Деревня Часлово появилась в прогале березовой рощи как-то неожиданно и весенней обнажённостью своей, распахом широкой улицы, ещё не обросшей свежей травичкой, показалась вымершей. С зимы изобки выглядели особенно неряшливо, краски потускнели, наличники пооблупились, огороды изредились, на всем лежала печать сиротства и той давней унылой бедности, которой, казалось, никогда не будет перемен, и если вдруг появлялся у дома какой-то человеченко в пиджаке иль цветной куртке-болонье, то тут же и скрадывался в подворье, чтобы не запечатлеться чужому взгляду. И наш приземистый домишко, стоящий на росстани, на кресте двух дорог, тоже ничем не выбивался из общего порядка, но сразу обрадовал, что не повыгарывал, слава Богу, а стоит на своём месте, где и оставили его, и древние вязы возле баньки прочно подпирают небеса, и прясла не пошатились, не упали, и амбаришко не покосился, и на переду стекла в окнах не повыбиты, и труба печная не осыпалась. Торопливым взглядом мы обежали своё подворье и невольно прибавили шагу, уже не слыша на плечах ноши, и только когда встали у крыльца и сронили на ступеньку рюкзаки, то по онемевшим плечам, по тоскнущей горбине поняли, как неимоверно устали.
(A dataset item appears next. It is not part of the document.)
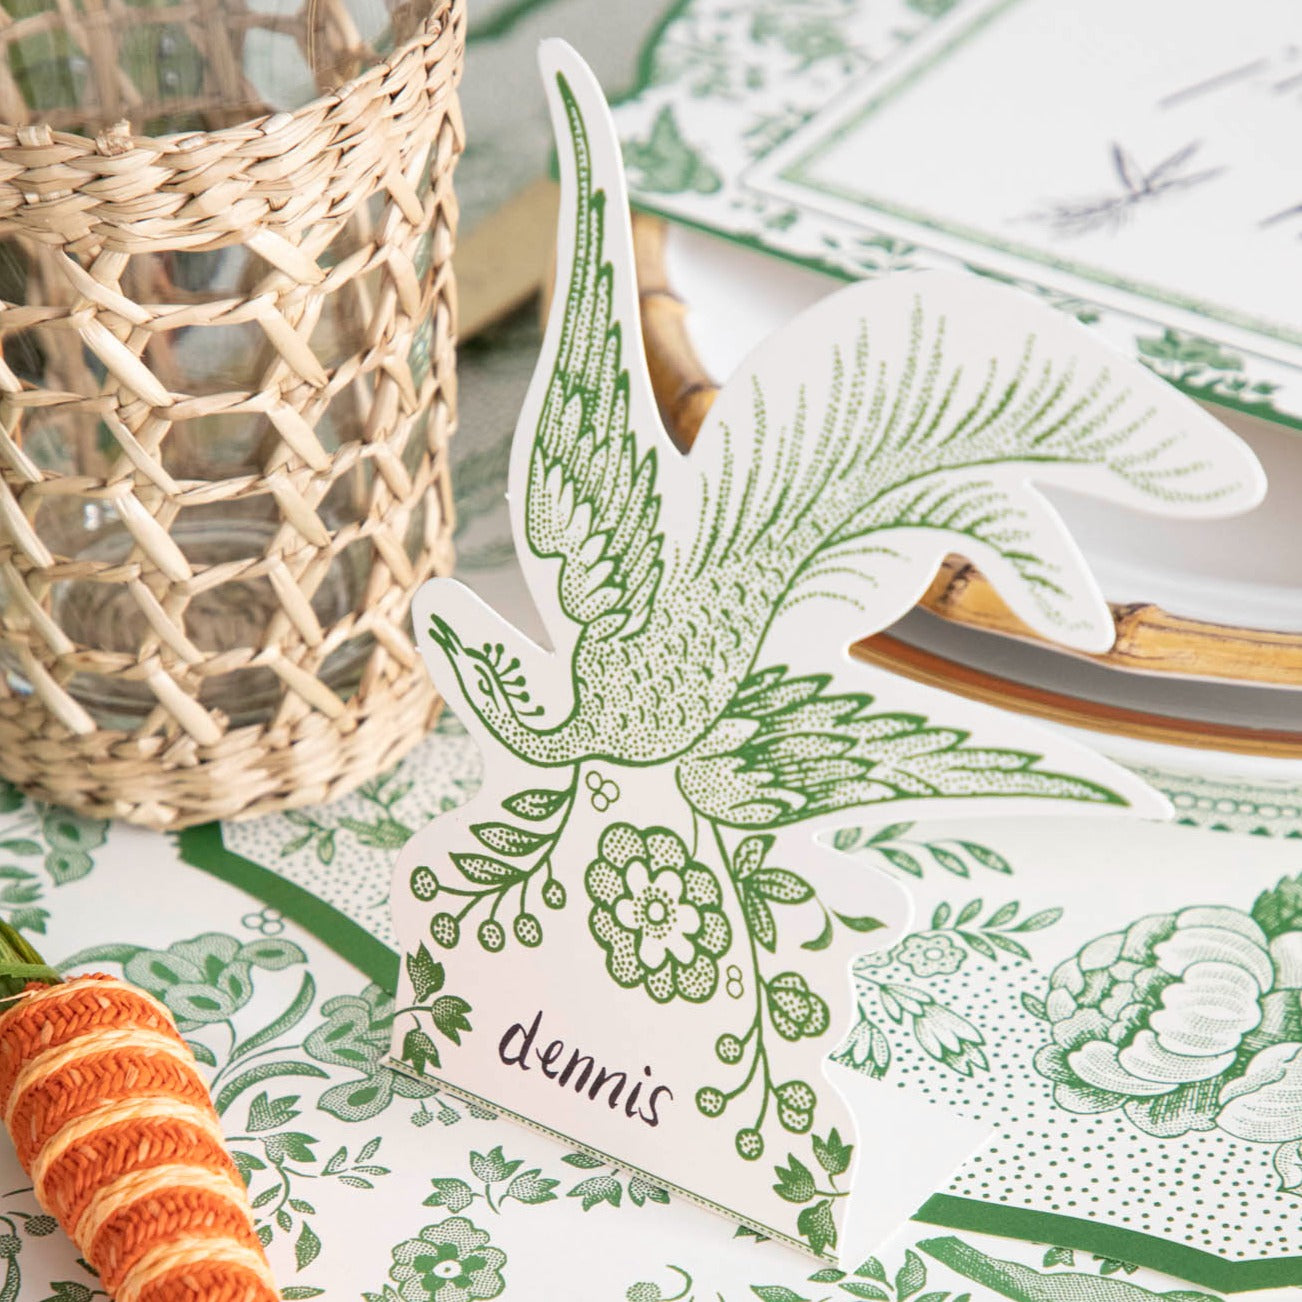 A Green Asiatic Pheasants Place Card designed by Hester &amp; Cook, featuring a bird and carrots, is placed to make guests feel welcomed.

Но не время расслабляться, петь лазаря, но именно сейчас, когда дорога сломана и ты у цели, нужно взять себя в руки, напрячься из последних силенок, натопить печи, оживить настывшую за зиму избу, прибрать в комнатах, сварить еды, и только когда яишня со шкварками оседлает стол, а подле приткнётся посудинка с зеленью и бутылек в 'бескозырке', да когда в русской печи загудит березовый жар, забегают по полу рыжие лисы отраженного пламени, вот тогда можно расслабленно выдохнуть: 'Уф-ф', осенить чело крестом, кинуть на грудь стопарик-другой и облегчённо воскликнуть: 'Слава Богу, прибыли!'
Собственно, таким порядком, заведённым уже давно, и покатились заботы. Но сначала прибежал соседский кот Гошка с обгрызенными ушами и нахальной седой мордой и стал противно выть, тереться о ноги и требовать 'жорева'. Следом явилась соседка Зина со связкой наших ключей от дома. Она уже успела подзаве-треть, осмуглиться, но за зиму сникла, как бы стопталась, заострилась личиком, на пригорбленных плечах красная 'болонья', на ногах просторные сапожонки хлябают, на голове зелёный шерстяной платок, шалашиком надвинутый на брови, и старенькая выглядывает из него, как лисичка-вострушка, посверкивая повыцветшими голубыми глазёнками. Зина по-матерински порывисто обняла жену, легко всплакнула, но слёзы тут же и высохли. Давно ли, кажется, провожала нас на зимние квартиры, осеняла в дорогу размашистым православным крестом, восклицала вдогон: 'Храни вас Христос, дорогие мои детки!', — и вот мы уже снова у порога, как и не съезжали. До чего же быстротечно, неуловимо время: живёшь вроде бы долго, а оглянулся назад — словно и не живал ещё.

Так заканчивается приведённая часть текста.